The Modified Accelerated Cost Recovery System (“MACRS”) is currently used to depreciate business property placed in service after 1986. MACRS consists of two depreciation systems: the General Depreciation System (“GDS”) and the Alternative Depreciation System (“ADS”). These two systems depreciate property in different ways, such as by method, recovery period and bonus depreciation. The chart below shows the main differences between GDS and ADS.  

 

GDS

ADS

Depreciation Method

Three methods:

  1. The 200% declining balance method
  2. The 150% declining balance method
  3. The straight line method

One method: The straight line method

Recovery Period

Shorter

Longer

Automobiles

5 years

5 years

Computers and peripheral equipment

5 years

5 years

Office furniture and equipment

7 years

10 years

Typewriters, calculators, copiers

5 years

6 years

Agricultural machinery and equipment

5 or 7 years

10 years

Tree or vine bearing fruits or nuts

10 years

20 years

Land improvements

15 years

20 years

Qualified improvement property

15 years

20 years

Nonresidential real property

39 years

40 years

Residential rental property (placed in service after 12/31/2017)

27.5 years

30 years

Residential rental property (placed in service before 1/1/2018)

27.5 years

40 years

Bonus Depreciation

Yes

No


Which Applies, GDS or ADS?

Generally, taxpayers must use GDS to depreciate property. However, IRS Pub. 946 lists the following property for which the use of ADS is mandatory:

  • Nonresidential real property, residential real property and qualified improvement property held by an electing real property trade or business.
  • Any property with a recovery period of 10 years or more under GDS held by an electing farming business.
  • Any tax-exempt use property.
  • Any tax-exempt bond-financed property.
  • All property used predominantly in a farming business and placed in service in any tax year during which an election not to apply the uniform capitalization rules to certain farming costs is in effect.
  • Any property imported from a foreign country for which an executive order is in effect, because the country maintains trade restrictions or engages in other discriminatory acts.

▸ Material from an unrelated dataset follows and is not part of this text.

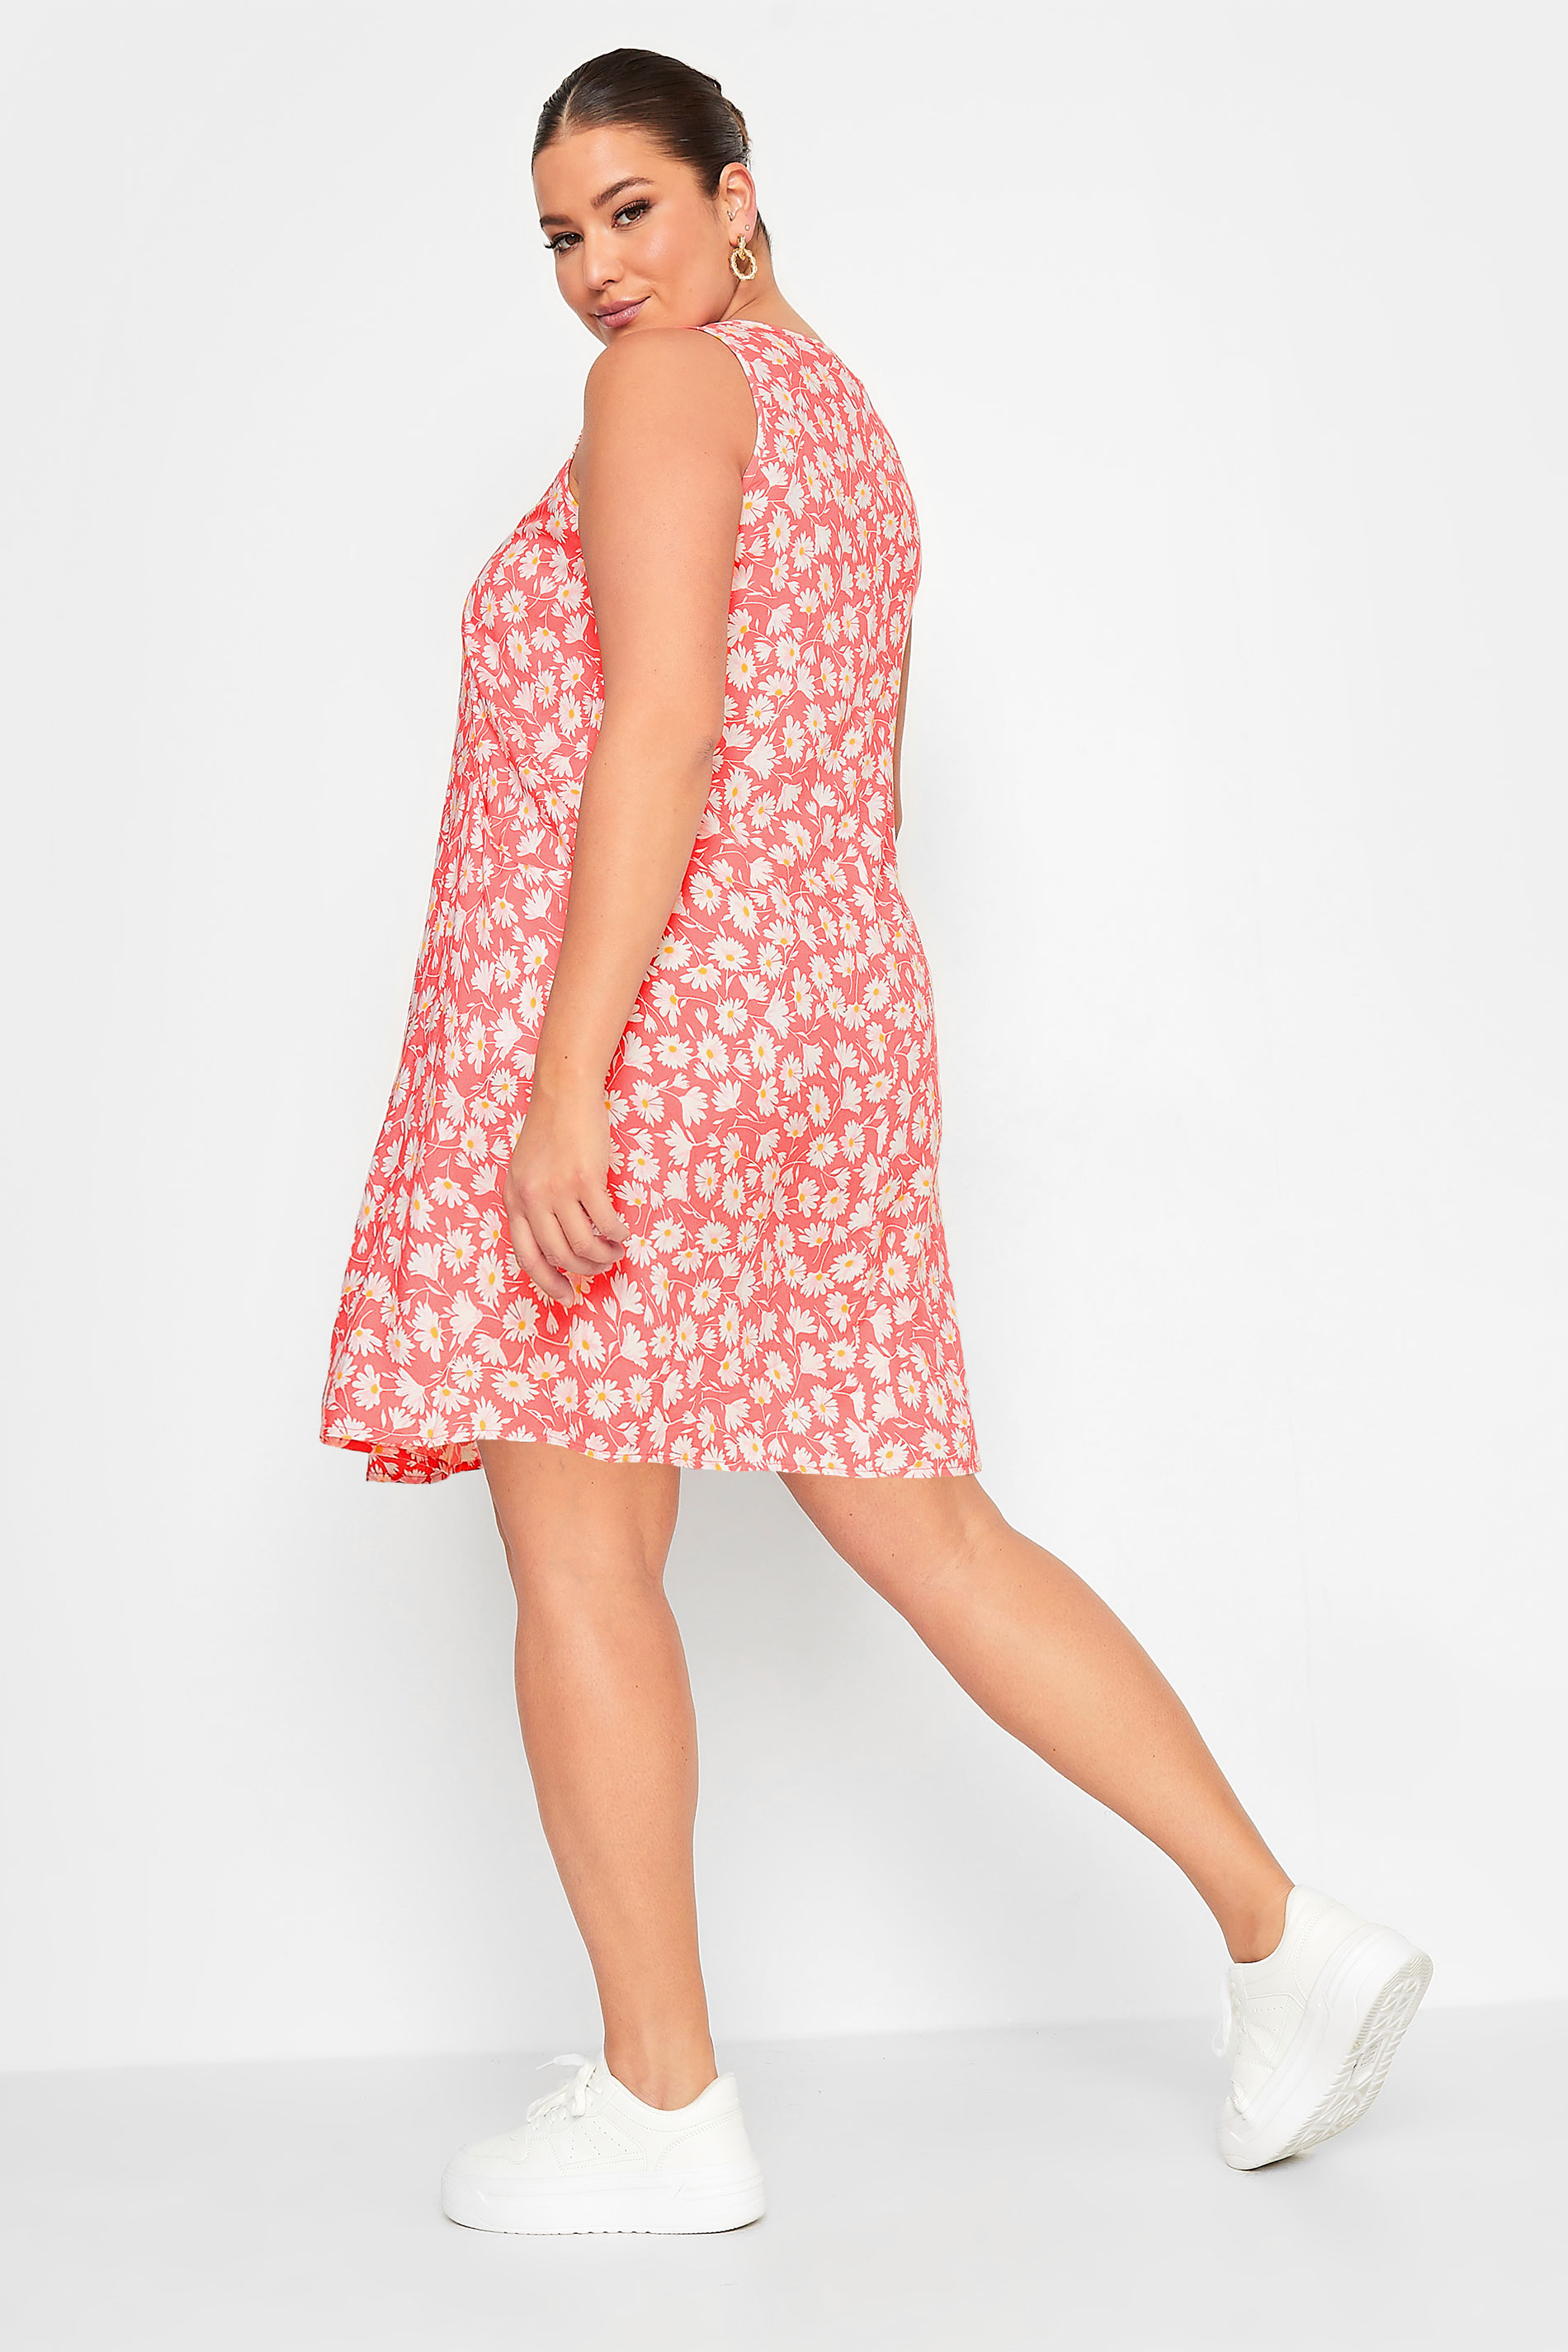 YOURS Plus Size Curve Light Pink Daisy Print Pocket Smock Dress | Yours Clothing  3

Also, a taxpayer can elect to use ADS (IRC Sec. 168(g)(7)). This election must apply to all property in the same class that is placed in service during the year. In the case of nonresidential real property or residential rental property, this election may be made separately with respect to each property. Once the election is made, it is generally irrevocable.  

Whether or not to use ADS is important for business taxpayers, because depreciation expense can significantly reduce business taxes. It becomes more important and complex when interacted with IRC Sec. 163(j) interest expense deduction limitations.

TCJA Interest Expense Limitation Interaction with ADS

The 2017 Tax Cuts and Jobs Act (“TCJA”) significantly changed the deductibility of business interest expense. The amount of deductible net business interest expense under IRC Sec. 163(j) cannot exceed 30% of the taxpayer’s adjusted taxable income (“ATI”). ATI is generally taxable income computed without regard to any:

  • Item of income, loss, gain or deduction that is not allocable to a trade or business.
  • Business interest income or expense.
  • Net operating loss deduction.
  • Qualified business income deduction.
  • Depreciation, amortization and depletion deductions for tax years 2018-21.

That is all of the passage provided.